Büyük açmaz ikilidir; İran'ın bölgesel projesi, kendi kapasitesinden, Batı ile çatışmasından ve İsrail ile vekiller üzerinden savaşmasından daha büyüktür. Keza İsrail'in bölgesel projesi, Tel Aviv'in ekonomik, askeri ve sosyal olarak taşıyabileceğinden daha büyüktür. Batı ve Doğu'nun İsrail'in aşırılığına ve Filistin devletinin kurulması fırsatının kaçırılmasına yönelik sabrını zorlamaktadır.
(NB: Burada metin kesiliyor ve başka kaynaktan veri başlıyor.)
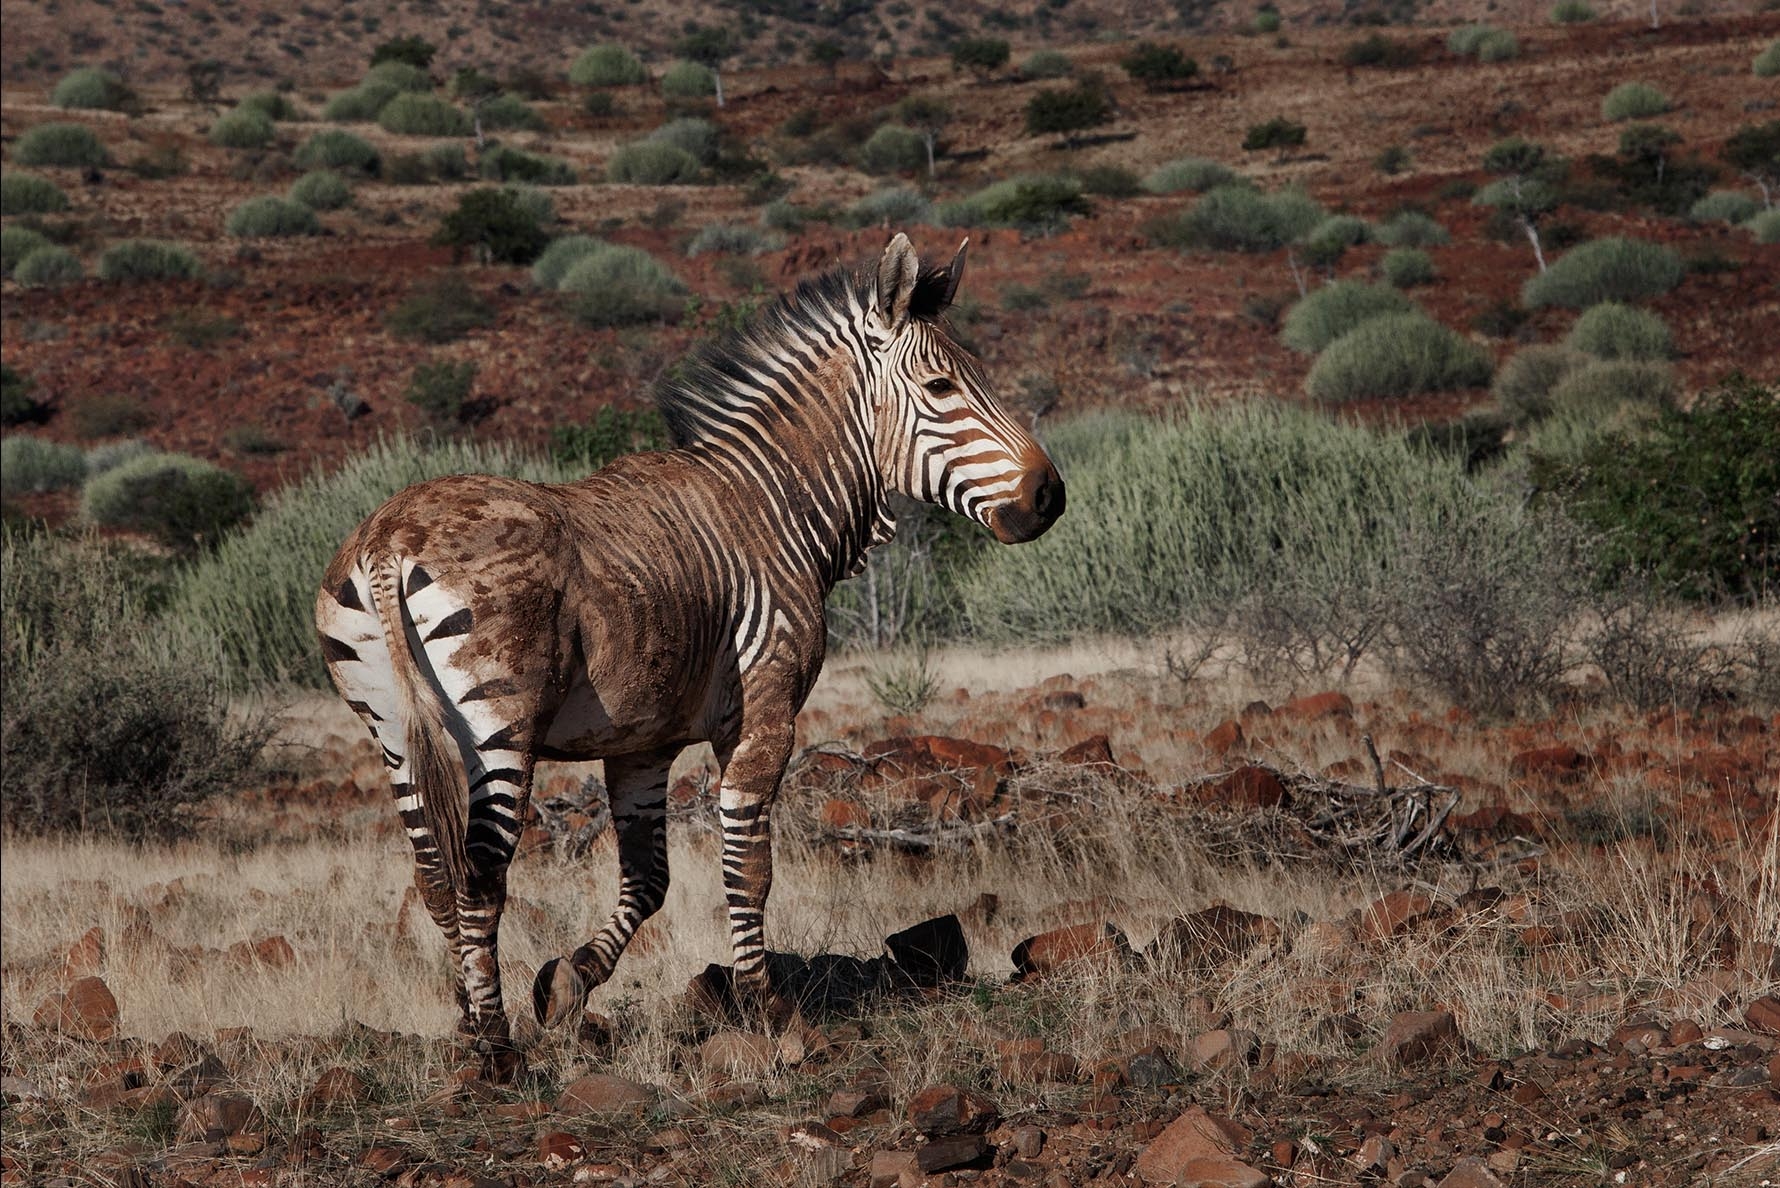 Mountain zebra in Etosha National Park, Namibia
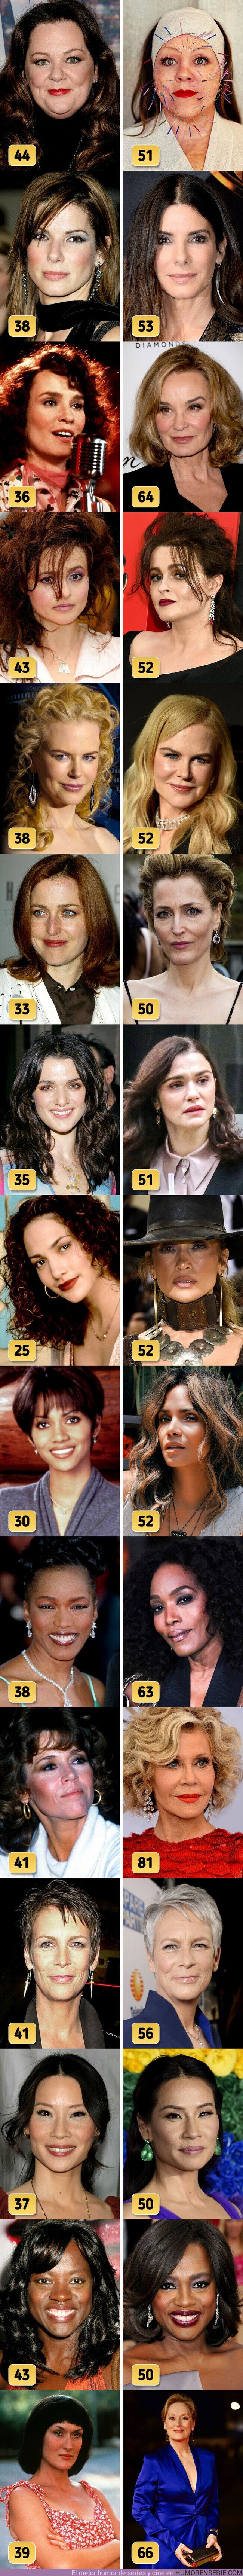 87232 - GALERÍA: 15 Mujeres famosas que se volvieron aún más guapas después de los 50 años

General Şaron'un dediği gibi, Washington'un hizmetinde olan “yüzen bir uçak gemisi” konumundan çıkıp Amerikan korumasına ihtiyaç duyan İsrail'in yükünü ABD'nin ne kadar süre ve ne ölçüde taşıyacağı da bilinmemektedir. Buradaki ders, herkesin göreceği şekilde duvara asılı olan Amerikalı stratejik analist Anthony Cordesman'ın şu sözüdür: “Savaşlar riskleri ortadan kaldırmakla ilgili değil, riskleri yönetmekle ilgilidir.”

*Bu makale Şarku’l Avsat tarafından Independent Arabia’dan çevrilmiştir.